When something falls off his desk with the loudest thump so far, Russell breaks our kiss, panting. I stifle a laugh as he walks around to check what it was, coming back with a baseball player Funko Pop still in its plastic box.

“Cute,” I say.

“King Félix Hernández is not cute. He’s a collector’s edition.” He places it back on his desk, then seems to think better of it and stows it in a drawer.

Still, it seems to shock us back to reality, which is maybe a good thing. I’m not sure how far we might have gone. I have to squeeze my legs together, bite down on the inside of my cheek. I’ve always struggled to let go with new people, and I’ve never had an orgasm with someone on a first encounter. But I’m so keyed up that a few more minutes and I might have fallen apart, and I would have made certain I dragged him down with me.

“This was...” he says as he plays with a wavy strand of my hair. “...not how I imagined the night would turn out.”

“I’ve imagined this two or three times.” Heart still racing, I hop off his desk, doing my best to tidy it up. “Only there’s usually a blizzard, and we’re trapped here for days with nothing but each other’s bodies for warmth.”

“I’m sorry I was jealous.” He cages me in, interrupting my tidying to press a kiss to the shell of my ear. “I just hadn’t figured out how to be brave with you yet.”

“You’ve always seemed brave to me,” I say. “Even before this.”

His whole face shifts, eyes crinkling at the corners in that way I like so much. It’s incredible, watching this confidence change him. “Have I told you,” he says, “that you look absolutely stunning in that sling, Ari Abrams?”

I bite my lip to keep from grinning. “Yeah?”

“Oh yeah.” His hand comes up to my face, his thumb skimming my cheekbone. “Really brings out your eyes.”

17

FORECAST:

A hazy few days of uncomfortable truths

MY THERAPIST’S OFFICE has a view of Lake Union and a couch that contours to my body so perfectly I’m scared to ask her where she got it, because I know it’ll be out of my price range. I’ve been in a handful of therapists’ offices, and none of them have made me quite as calm as Joanna’s.

Today’s a therapy doubleheader. I’m still a little sore from physical therapy after a woman named Ingrid stretched and bent my elbow, wrist, and fingers for thirty minutes, and now this. I’ve been seeing Joanna for almost three years, since I moved back to Seattle and my former therapist retired and recommended her to me. Seeing someone new is daunting—starting from the beginning, unpacking all your baggage for a stranger, knowing they won’t think less of you for your irrationalities but being terrified nonetheless—but it was worth it to find her. I go every few weeks, sometimes less frequently if I feel like I’m managing okay.

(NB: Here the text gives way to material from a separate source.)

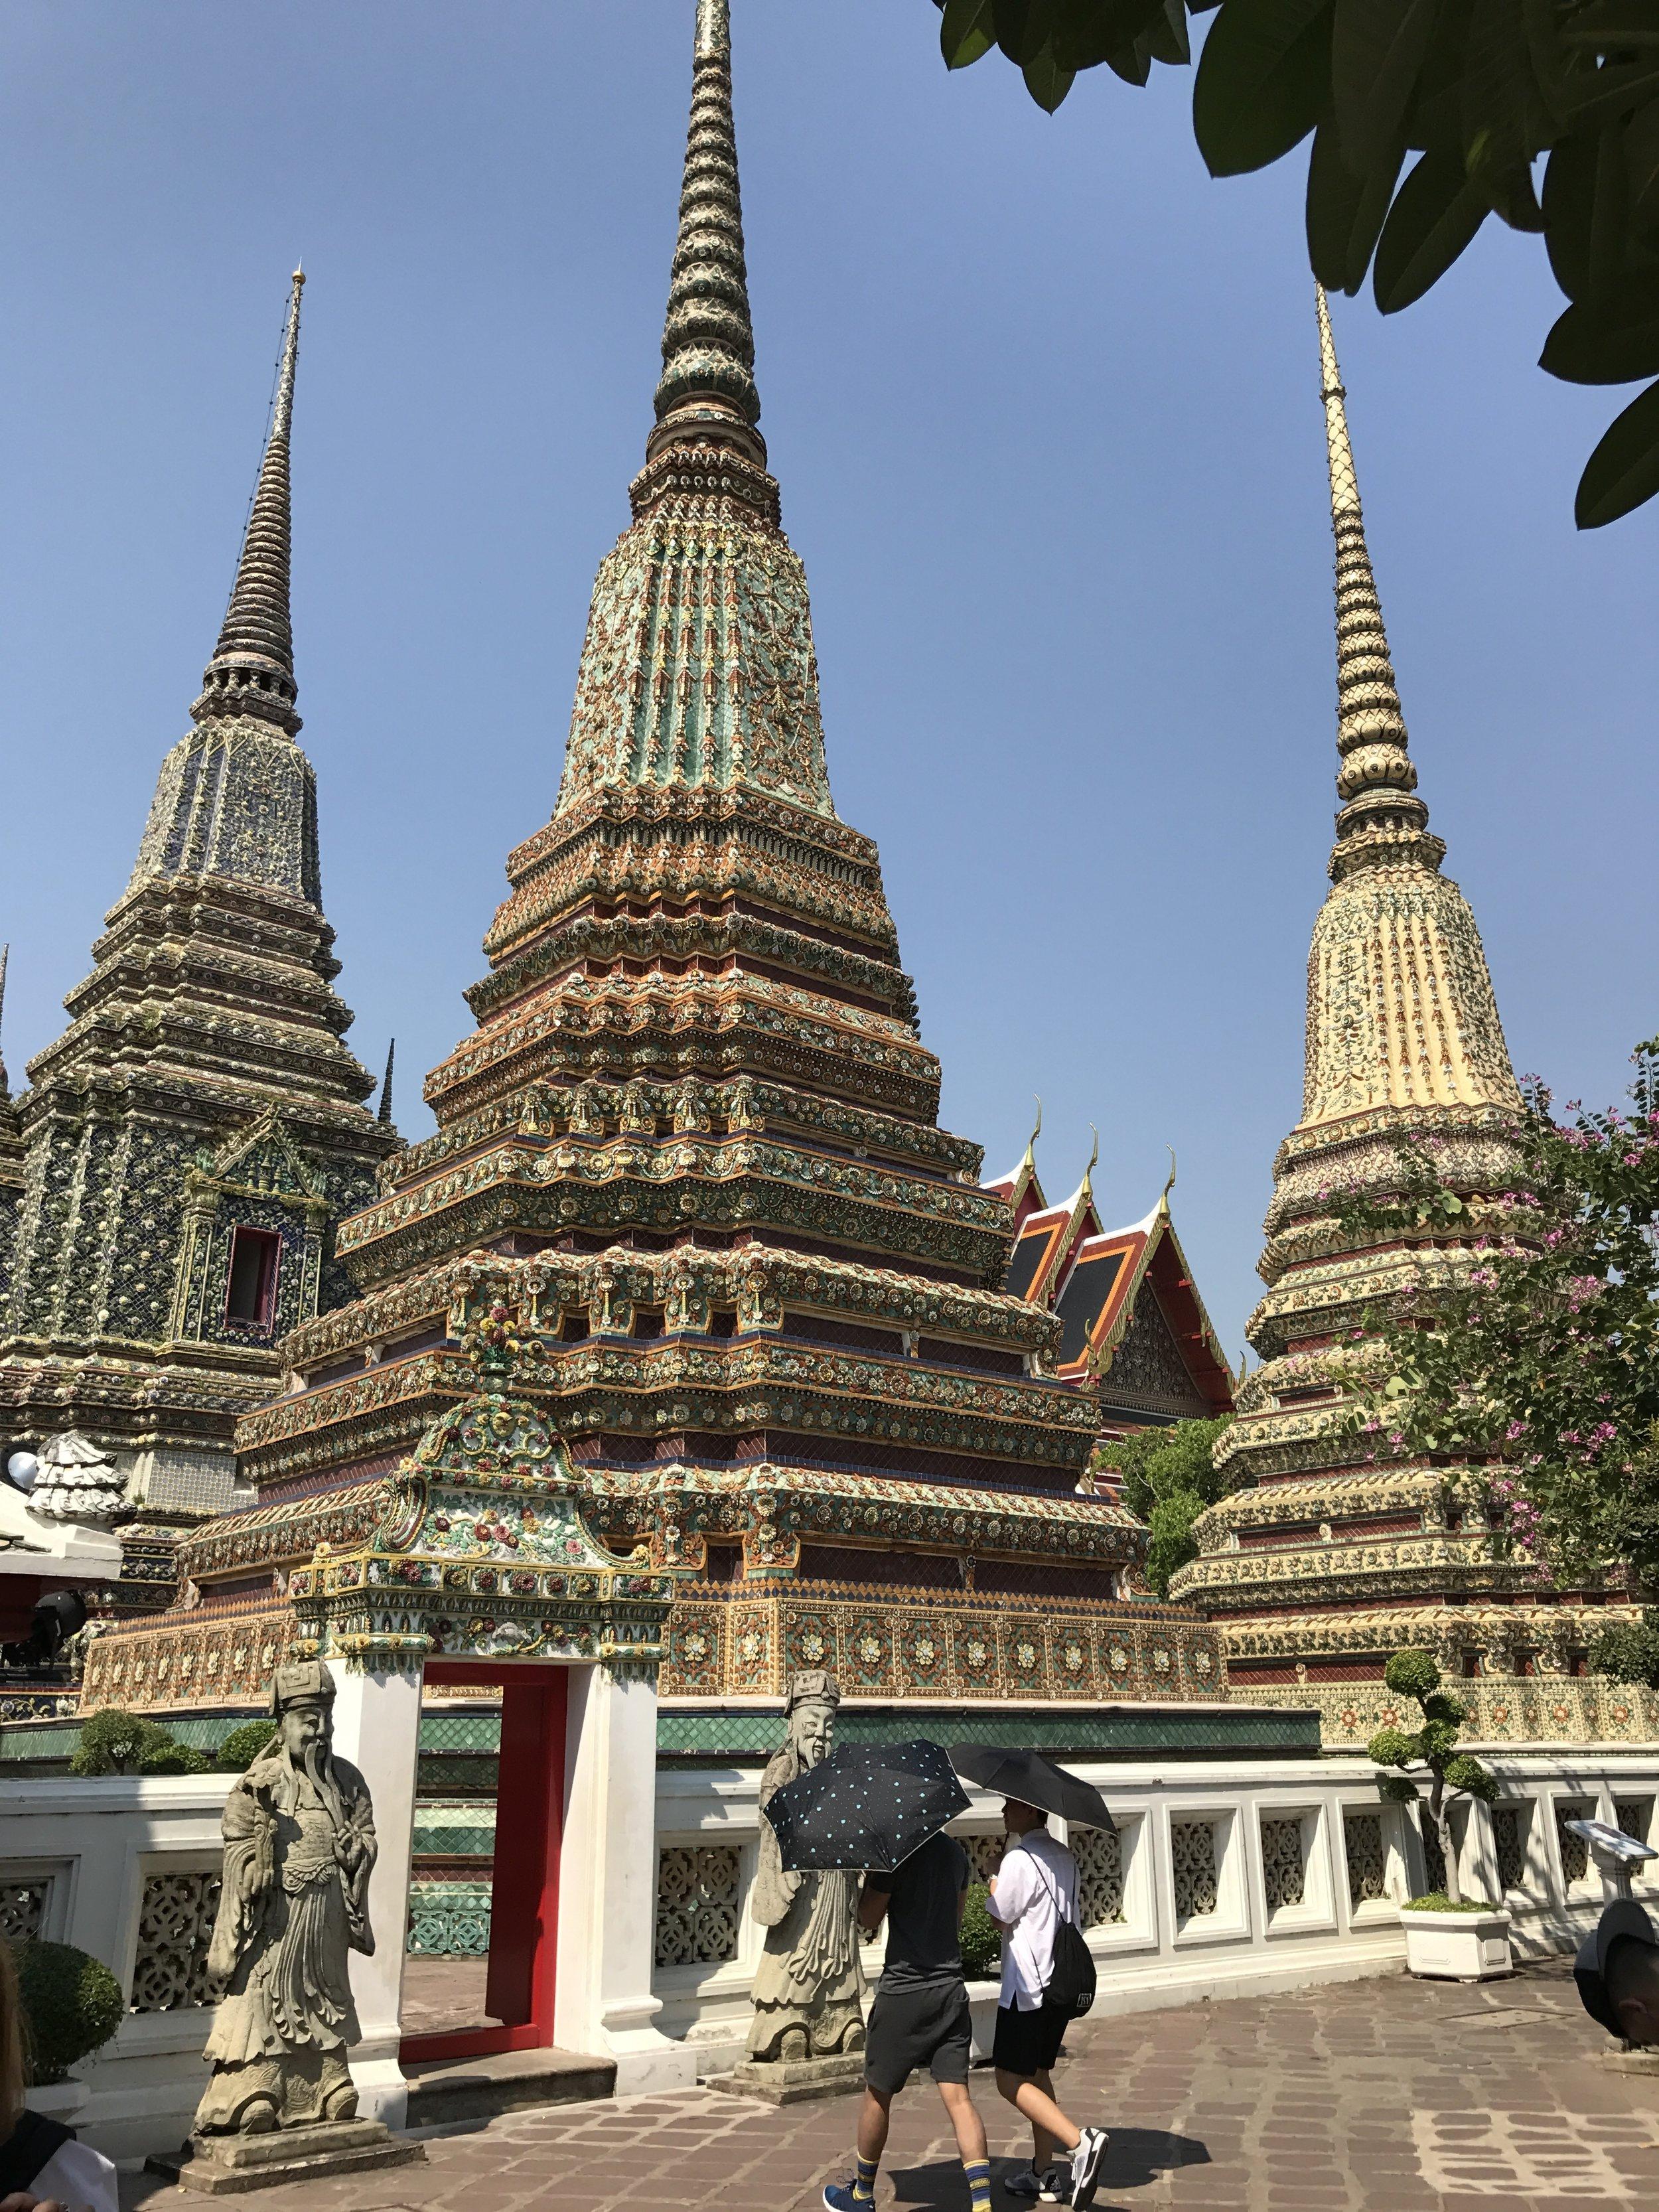 Wat Pho temple in Bangkok.

“How’s work been?” Joanna asks, taking a sip of tea from her mug with a watercolor Seattle skyline on it. She drinks it every time I’m here, and the soothing lemon scent must have a way of untangling my messy brain as well as her questions. With her long dark hair and straight-across bangs that always make me consider cutting mine, I’ve never been able to guess how old she is. She looks like she could pass for twenty-five, but she carries herself with the wisdom of someone who has helped a lot of people wage war against their demons.